По лицу его я видела, что он взбешен, но всеми силами пытается сохранить самообладание. Сейчас главным для него было приструнить взбрыкнувшую ученицу, утвердить свою власть, вновь взять меня под контроль. А отыграться за этот демарш он мог и после.
Игорь протянул руку, попытался прикоснуться к моей щеке, но я отшатнулась и отступила на пару шагов назад. Он же двинулся вслед за мной.
– Я учил тебя тому, что роли – своей роли, той, которая тебе предназначена, – нужно отдаваться полностью, – заговорил он. – Что только так создается настоящая актерская игра. Это трудно, это больно, но только пропустив героиню через себя, впитав ее боль, ты можешь создать что-то настоящее. Нельзя размениваться, Влада, ты же сама это знаешь…
Он надвигался на меня, произносил эти слова своим хорошо поставленным, умеющим так искренне подрагивать в нужные моменты голосом. И я уже чувствовала, как меня снова опутывает этим мороком, как я опять теряю волю, способность мыслить здраво. Как все мои тщательно сформулированные доводы улетучиваются, а злость, придававшая мне сил, оседает и растворяется, как морская пена на разгоряченных солнцем камнях.
Я все отступала и отступала, пока не наткнулась спиной на стену аудитории. И тут он настиг меня, прижался, задышал в шею. Обжег своими опасными кипящими чернотой глазами.
– Игорь Иванович, войдет кто-нибудь. Нас увидят, – придушенно прошептала я.
– К черту, – прохрипел он. – Пусть видят. Мне надоело скрываться. Я… я женюсь на тебе.
И когда он привел этот последний, видимо, самый веский с его точки зрения довод, я вдруг снова как будто очнулась. Мне ясно стало, насколько же он испугался этой моей внезапно пробудившейся жажды свободы, раз готов пойти даже на эту крайность. Жениться… Чтобы привязать меня к себе уже навсегда. Чтобы я навечно осталась трепетной ученицей и музой прославленного Болдина.
Я решительно тряхнула головой и уперлась ладонями ему в грудь, отталкивая.

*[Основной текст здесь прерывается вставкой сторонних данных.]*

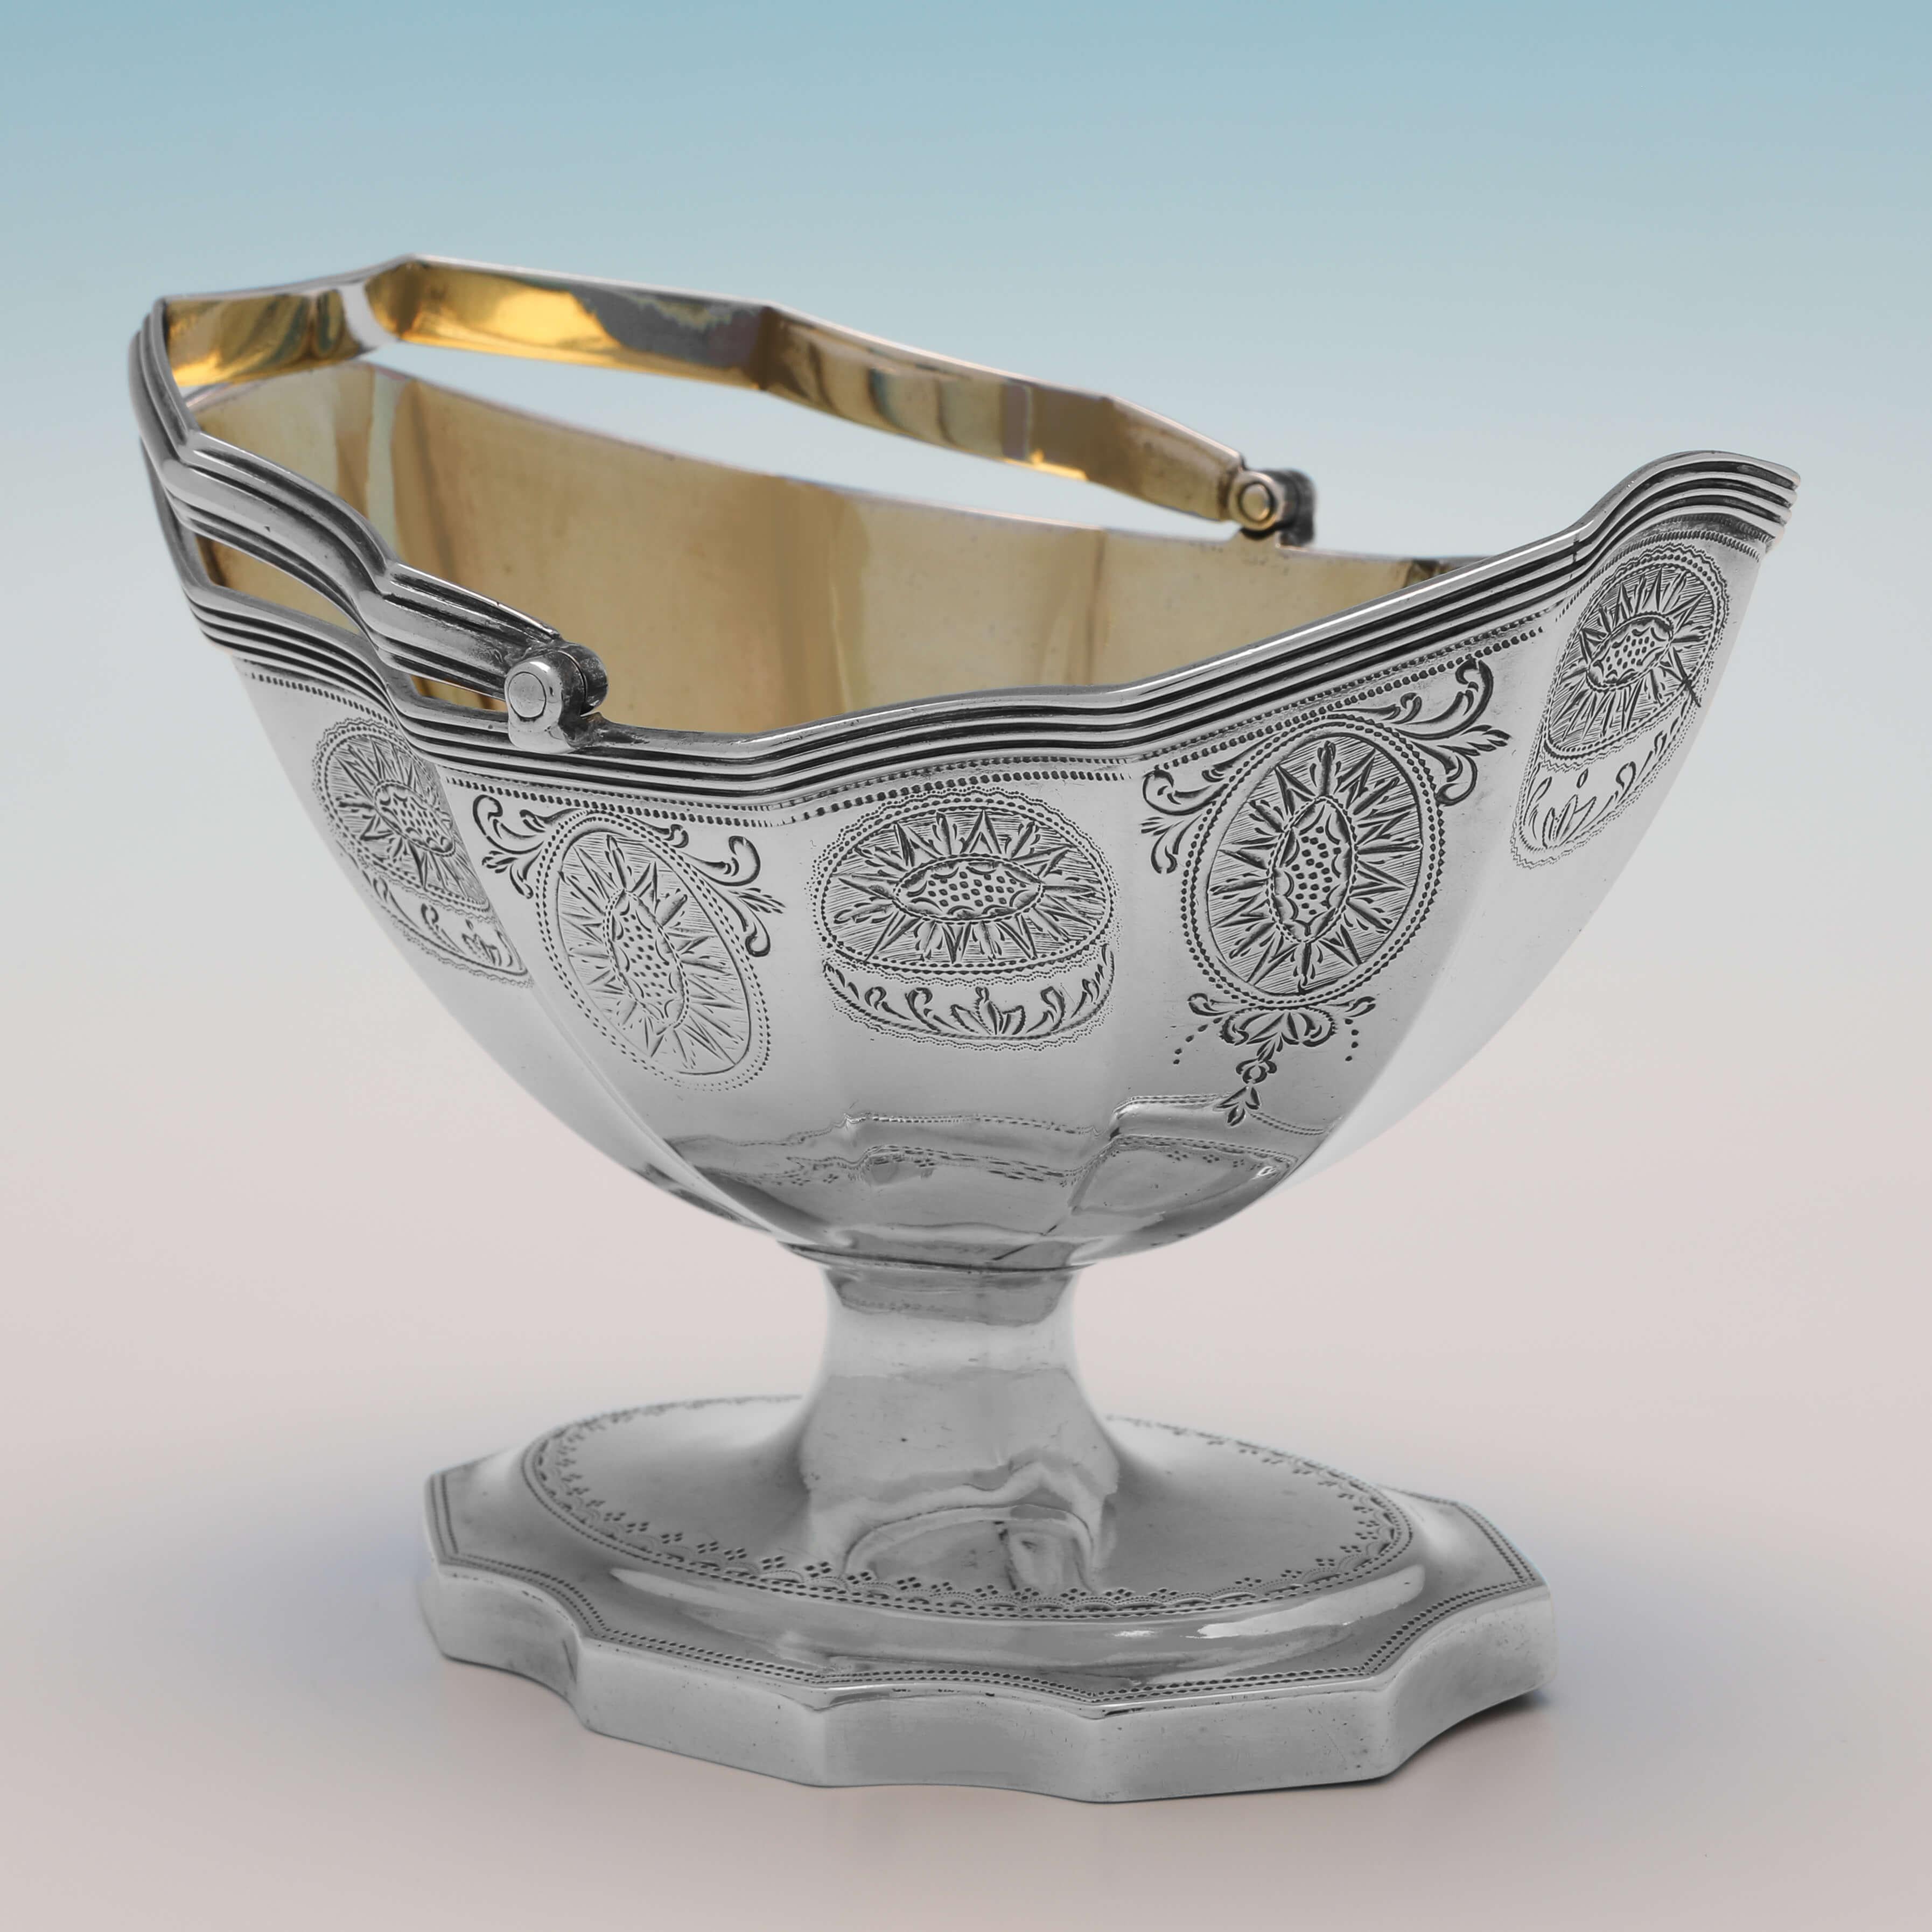 English Neoclassical George III Period Antique Sterling Silver Sugar Basket, 1792

– Не надо, Игорь, – твердо сказала я. – Я… не хочу ничего больше. Хватит.
Он, не слушая, перехватил одной рукой мои запястья, уколол щетиной щеку, прижался к губам. И я принялась выворачиваться, дрожа от внезапно накатившего отвращения.
– Пусти! Пусти меня, я видеть тебя не могу.

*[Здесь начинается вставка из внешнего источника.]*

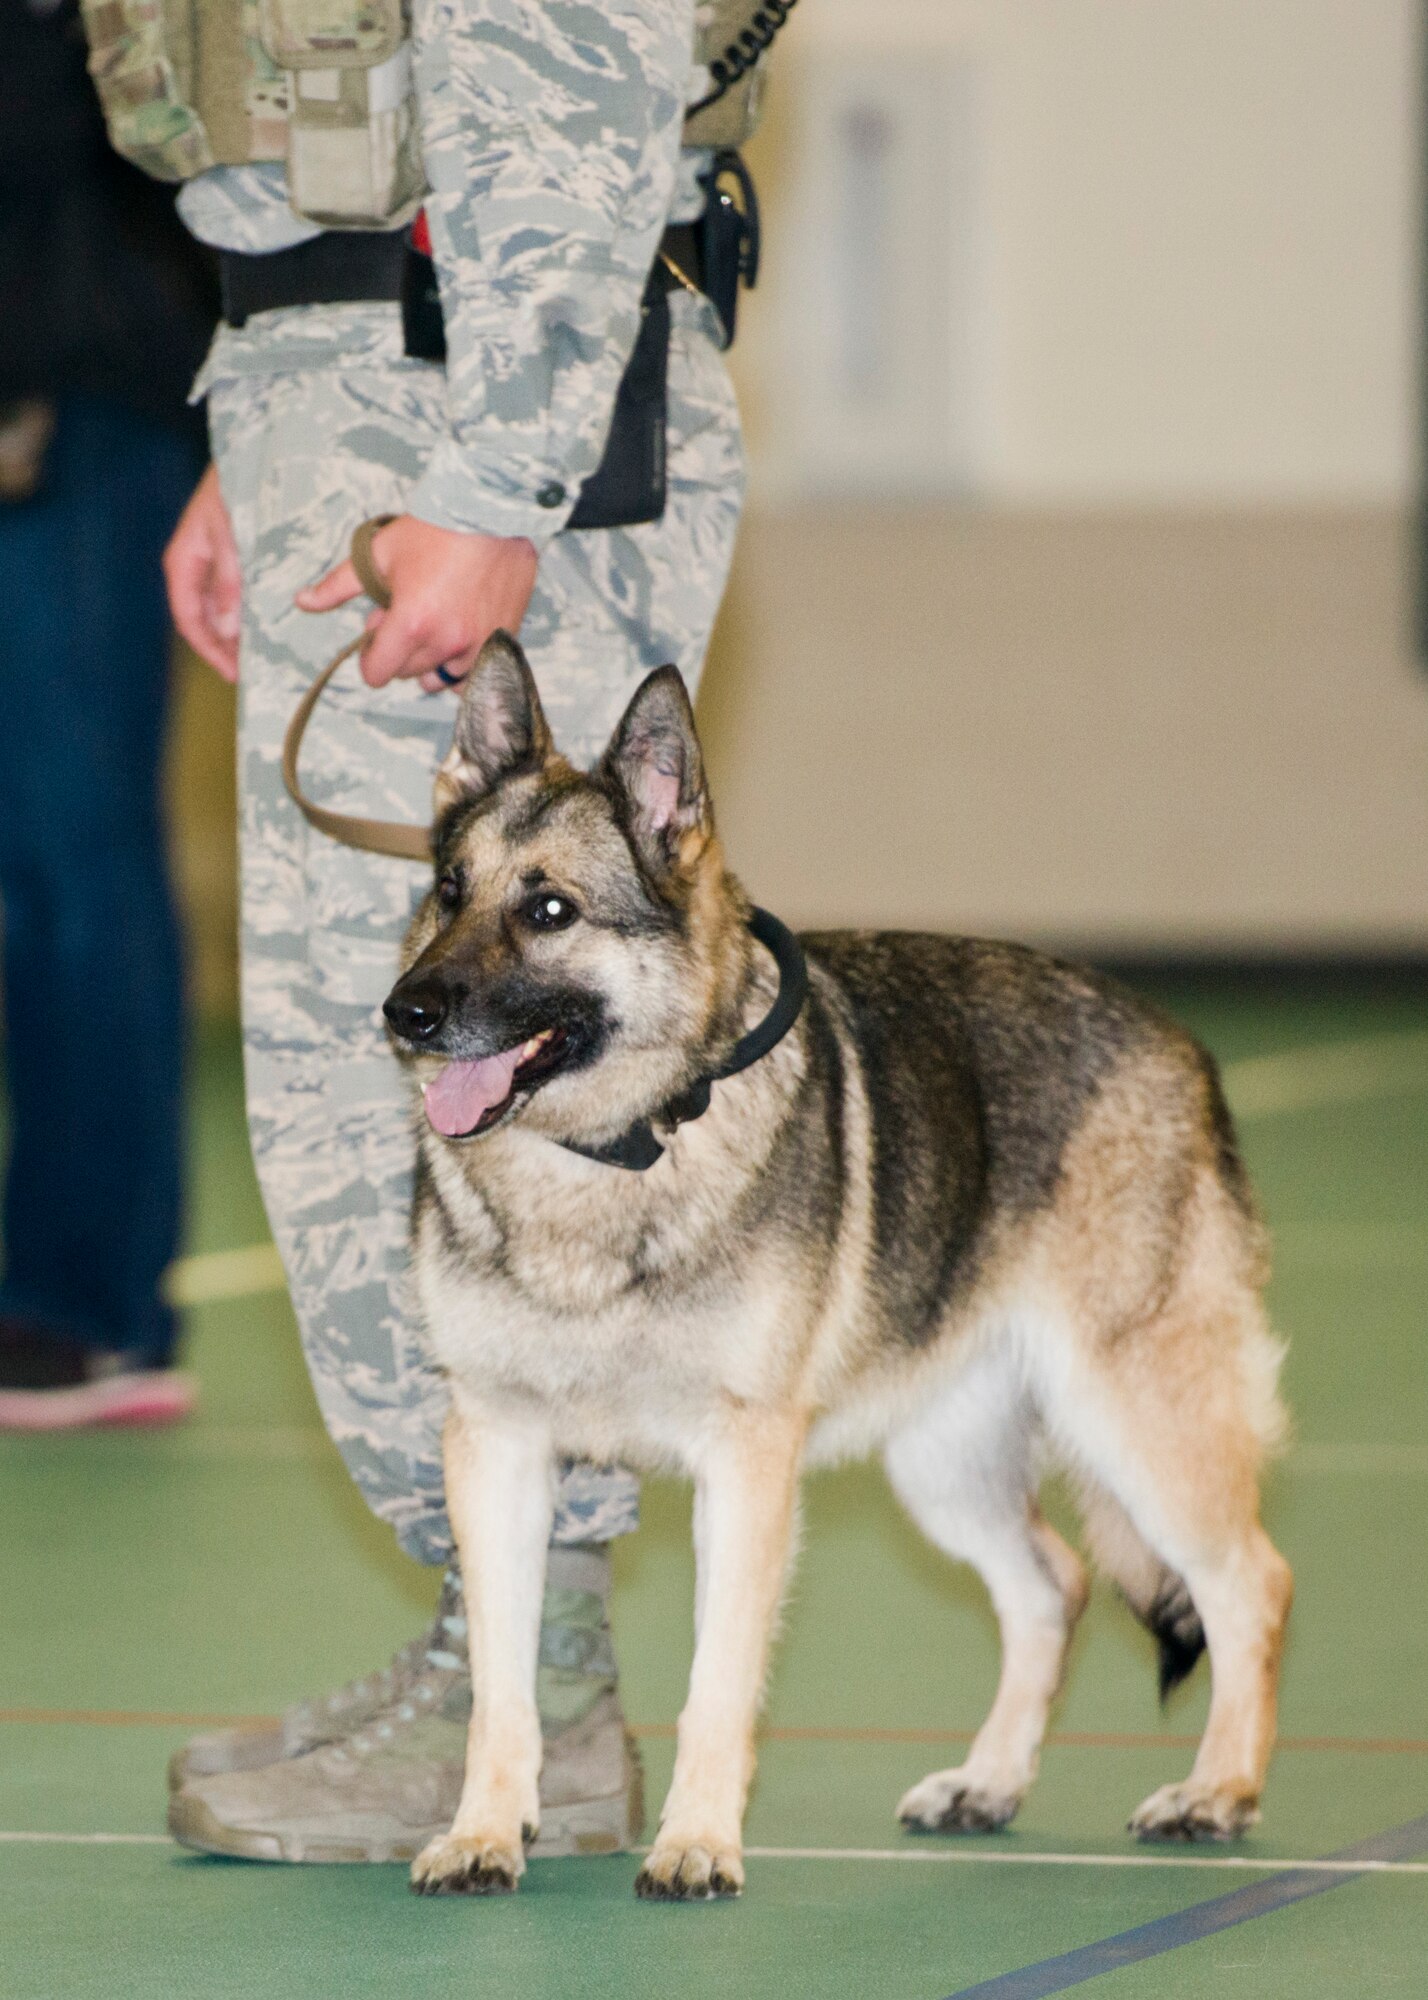 Military working dog Cyndy stands next to Senior Airman Dakota Willis, 5th Security Forces Squadron military working dog handler, at the Youth Center at Minot Air Force Base, N.D., July 7, 2016. Handlers held a question and answer session after the practical demonstration. (U.S. Air Force photo/Airman 1st Class J.T. Armstrong)

Мне как-то удалось вырваться из его рук, я отскочила на пару шагов, вся встрепанная, расхристанная. И ровно в эту минуту кто-то поскребся в дверь. Затем она приоткрылась, и в щель просунулась голова Елены Евгеньевны, деканши:
– Игорь Иванович, вас… – начала она и вдруг уставилась на нас вытаращенными глазами.
Картина и вправду, должно быть, была живописная. Багровый, пышущий страстью и гневом Болдин и я, с видом испуганной нимфы отступающая от него. Елена Евгеньевна, кажется, едва удерживалась, чтобы не спросить, как мальчишка из того старого детского фильма:
– А че это вы здесь делаете, а?
Болдин, однако, быстро взял себя в руки, буркнул:
– Иду, Елена Евгеньевна, одну минуту. – И, обернувшись ко мне, произнес невозмутимо: – Влада, вам все понятно относительно вашей роли?
– Да, спасибо, – коротко бросила я и проскочила мимо все еще круглившей глаза деканши в коридор.

 

С того дня наши с Болдиным отношения снова перешли исключительно в режим «преподаватель – студентка». Он не искал со мной встреч, не звонил домой, с виду казалось, что безропотно принял мое решение. Но я слишком хорошо успела изучить его за последние полтора года, чтобы поверить, что он так просто смирится с этим моим взбрыком. Однако пока все было спокойно. Вскоре после Нового года должны были начаться съемки «Чистого понедельника». Я написала в деканате бумагу о том, что прошу предоставить мне трехнедельный отпуск от репетиций в связи со съемками в кино.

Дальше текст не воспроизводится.